先日のブログで申し上げた通り、屋根の架け方は無数にあります。今年の夏、私は、建築士の資格を取得するための学校で、製図(二次)試験の非常勤講師をさせて頂いたのですが、そのとき痛感したのは、建築の実務をそれなりにこなしているにもかかわらず、屋根の架け方のイメージができないことで、建物のプランニングの幅を狭めている生徒が、思いのほか、多く見受けられました。
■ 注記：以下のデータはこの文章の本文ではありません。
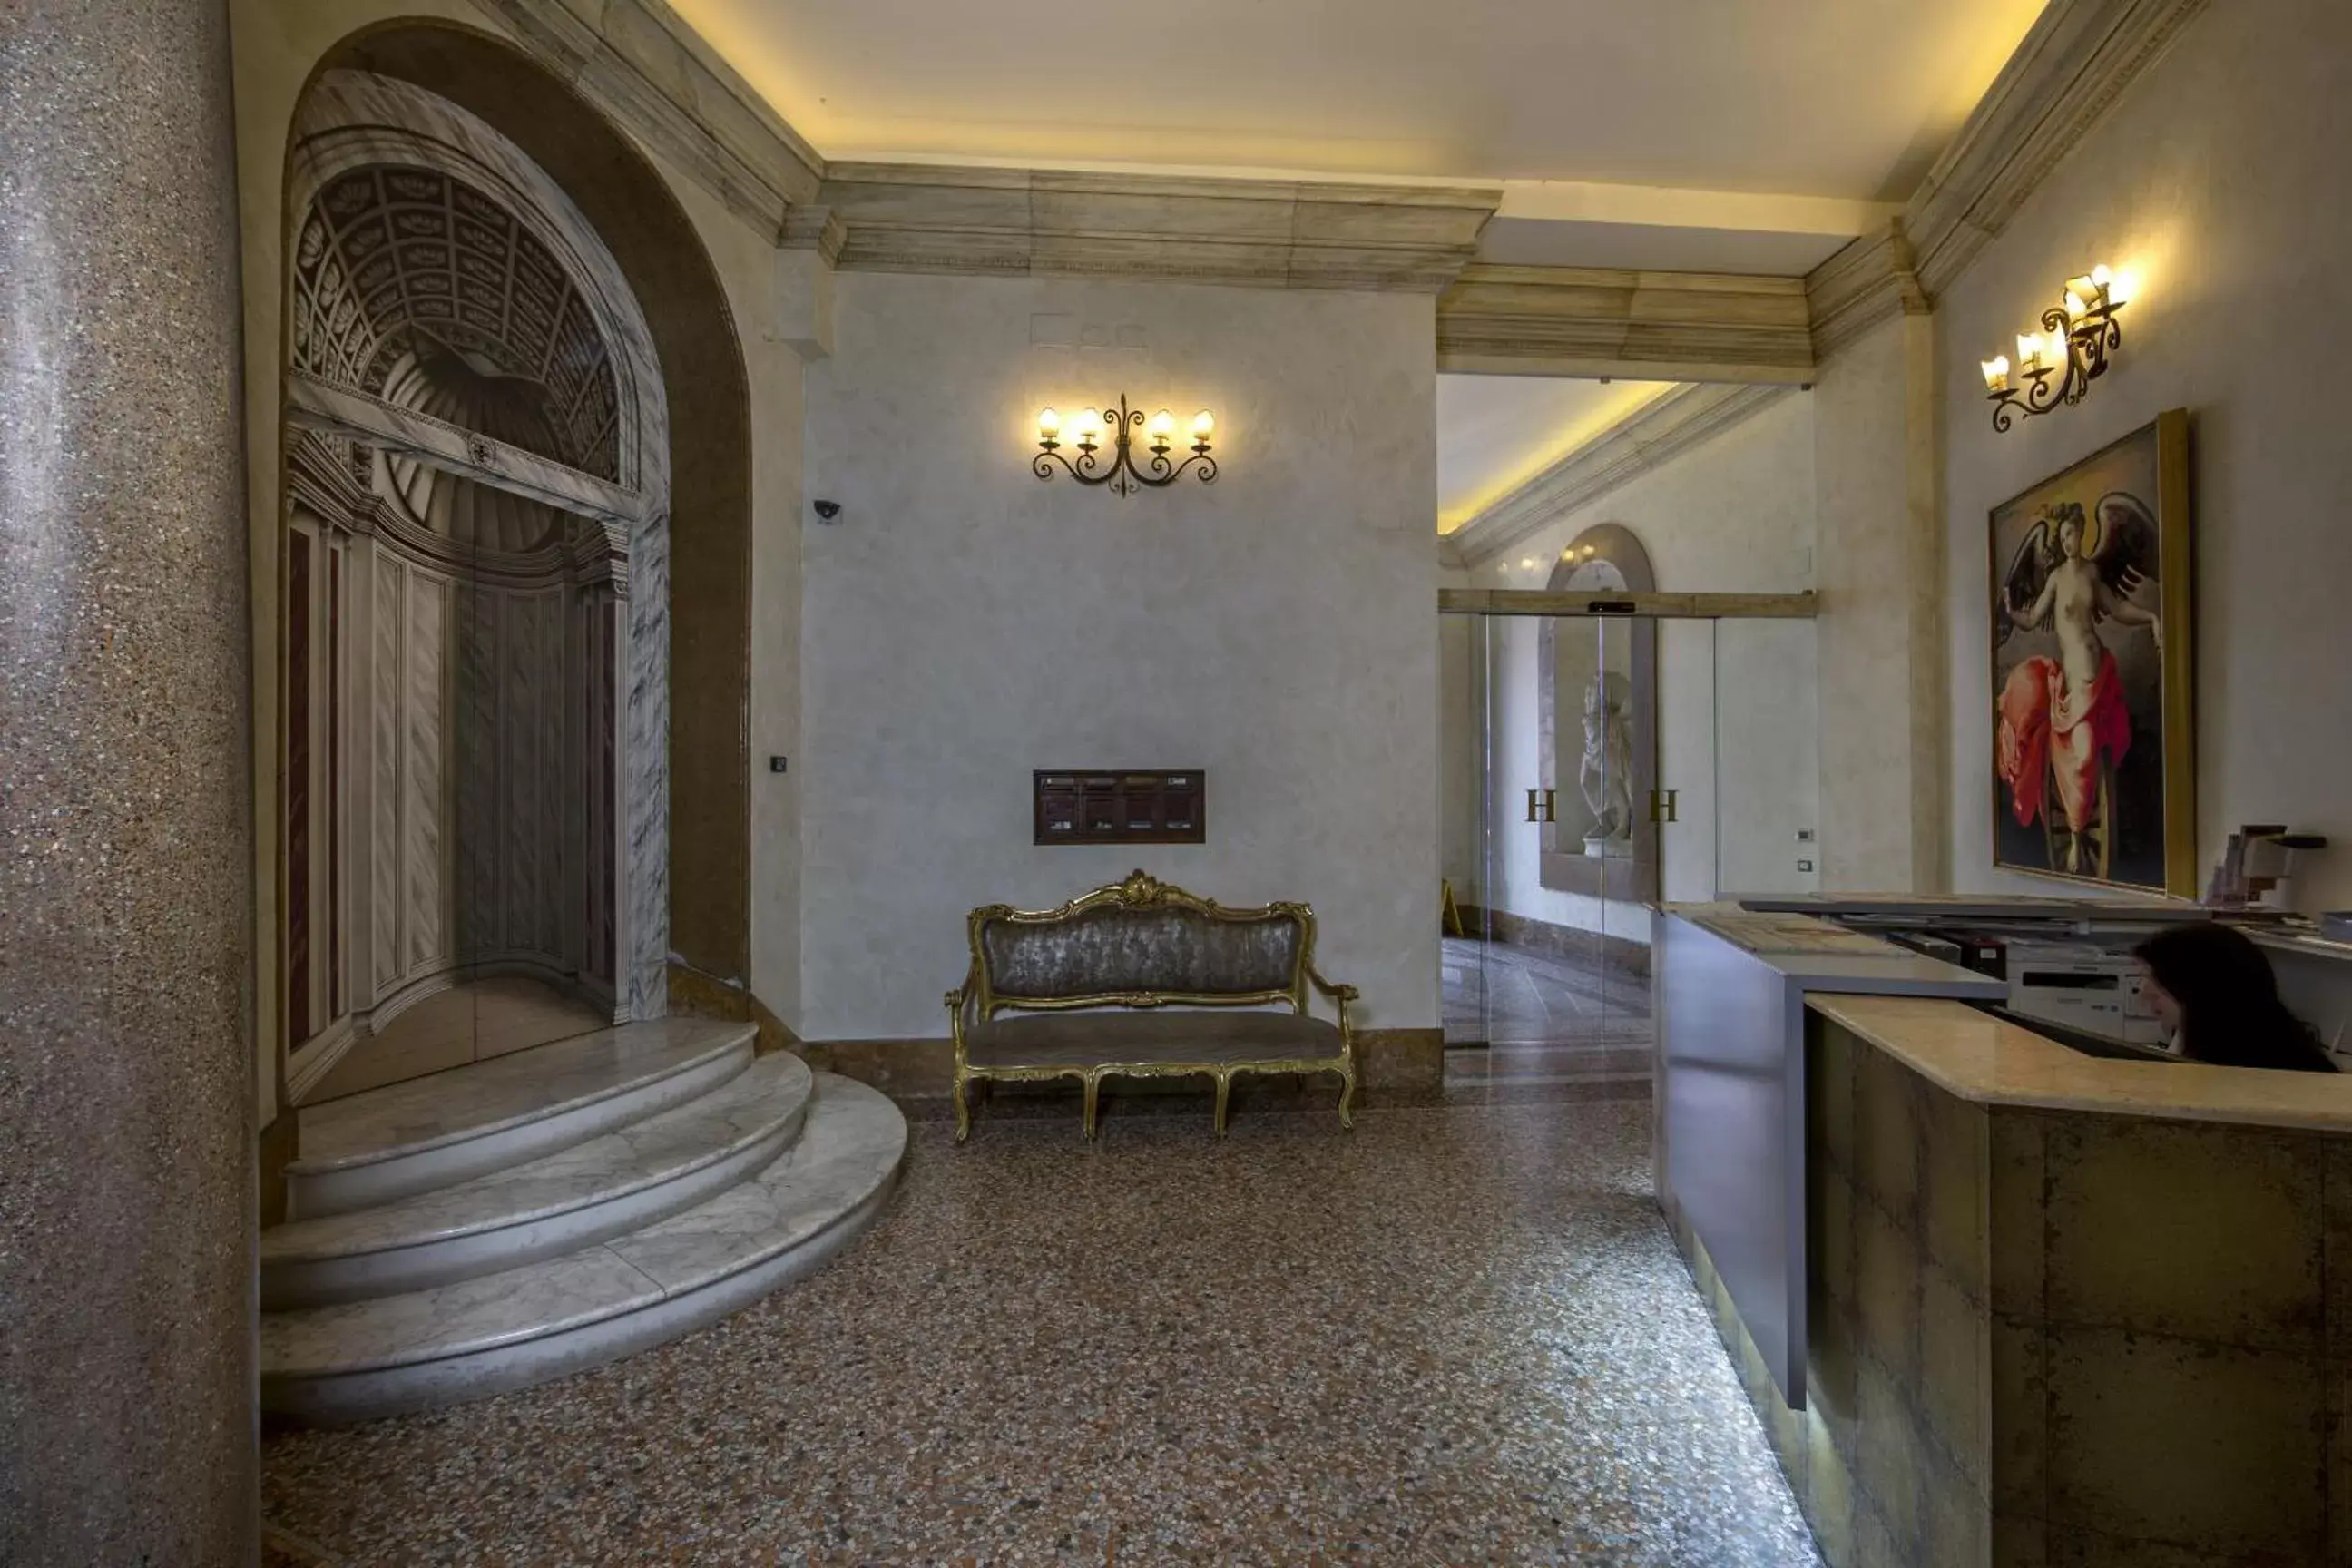 Lobby or reception in Antica Dimora Delle Cinque Lune
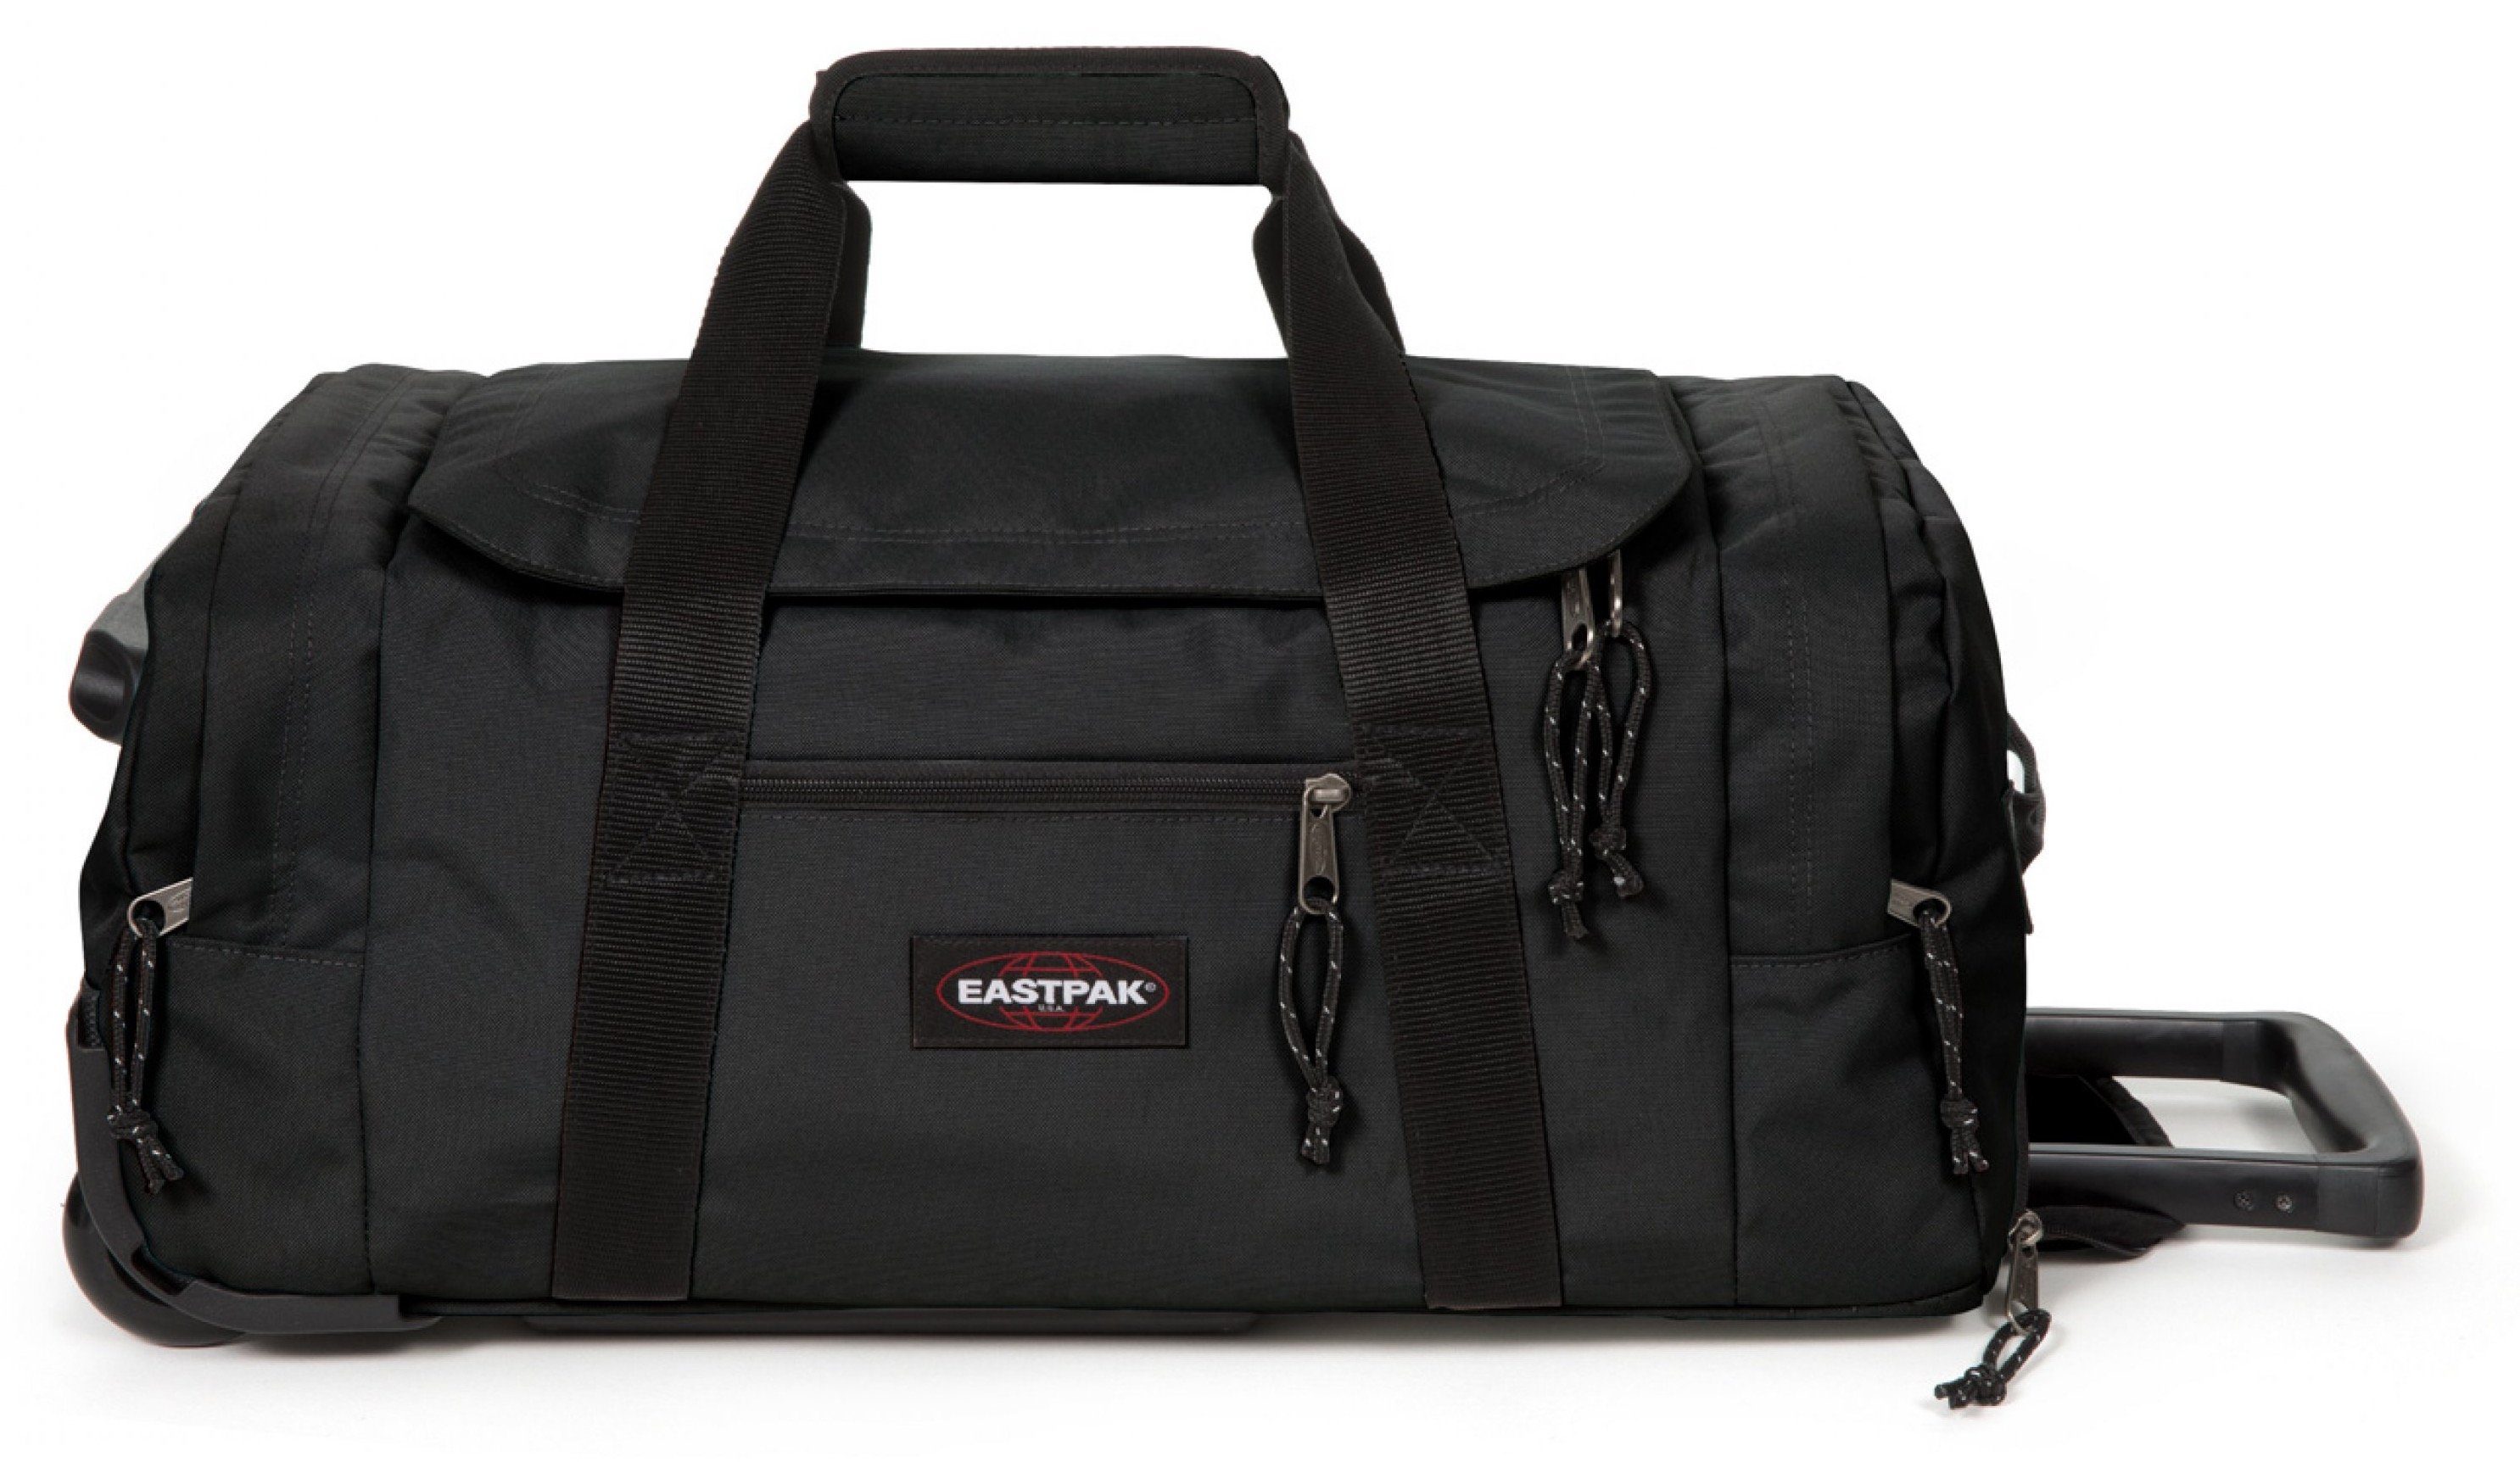 Eastpak Weichgepäck-Trolley Leatherface Platz black S 2 Rollen, mit +, ausreichend

そこで、屋根の架け方のノウハウというか基本について、少々、ご説明したいと思います。

下記の図は、一般的な屋根の架け方の名称になります。


このように、オーソドックスな「切妻屋根」、最近流行の「片流れ屋根」、一昔前は主流だった「寄棟屋根」、伝統的な和風住宅でよく見られる「入母屋屋根」、ビルの建物に多い屋上のある「陸屋根」、一部の建築家・設計者が馬鹿の一つ覚えのように多用する「R屋根」などに、大別されます。
総2Fあるいは平屋の四角い建物であれば、誰でも簡単に屋根を架けることができると思いますが、現実は、総2Fあるいは四角い建物ばかりというわけではなく、1Fより2Fが小さくなれば、必然的に1Fに屋根が架かりますし、平面形状が複雑になる場合は、どのように屋根を架けるのか迷ってしまう建築士が意外と多いのが本当のところです。

ここで、私が設計した物件を基に、屋根の架け方の具体例を挙げてみます。


この屋根は「入母屋屋根」と「切妻屋根」の複合体です。といっても、一般的な「切妻屋根」を変形してうえで、「入母屋屋根」を組み合わせています。1Fと2Fの屋根がそれぞれ独立させるのでなく、敢えて、交わるような形で納めて、屋根の一体感を表現しています。



黒い外壁部分は、ごく一般的な「切妻屋根」、白い外壁部分は、「片流れ屋根」で、正面見えているのは、「片流れ屋根」のいちばん高い部分になります。中央にある箱型の茶系のタイル貼の部分は「陸屋根」となっています。





伝統的な「入母屋屋根」が基本となる建物ですが、1Fの屋根形状は「寄棟屋根」になっています。この1Fの「寄棟屋根」は東西南北の四面にぐるりと回っていて、この1F屋根の架け方一つで、和風住宅の良し悪しが決まると言っても過言ではありません。



この建物も先述の通りの手法を取り入れた和風住宅です。
写真左側のほうで、2Fの平面形状が四角形でなく、一部張り出している部分があると思います。ここは階段部分なのですが、その屋根形状は、「母屋下り」「吹きおろし」という手法で処理しています。この手法を使用すると、天井高が十分に取れない場合がありますが、階段部分では、二階床より下がっているので、問題ないということになります。一番最初の冒頭でご紹介した物件も、「母屋下がり」の手法を取っており、2F屋根が1F屋根まで下がりつつある部分は、天井高が取れないので、納戸・収納に使用しています。



この物件は、だいぶ前に竣工したこともあり、写真を撮らず終いで、非常に私自身後悔しています。この建物は「陸屋根」、「切妻屋根」などの複合体になっています。R形状の平面部分の屋根は、6角形で納めています。


ちょっと話が長くなってしまいました。私自身、どのような平面形状であろうが、無数に屋根を架けることができると、ハッタリ半分で豪語することがありますが、屋根の架け方というものは、日本の伝統建築と密接な関係を持ちながら、未来に対しても、非常に建築の可能性を無限大に広げうるものであると私は考えている次第です。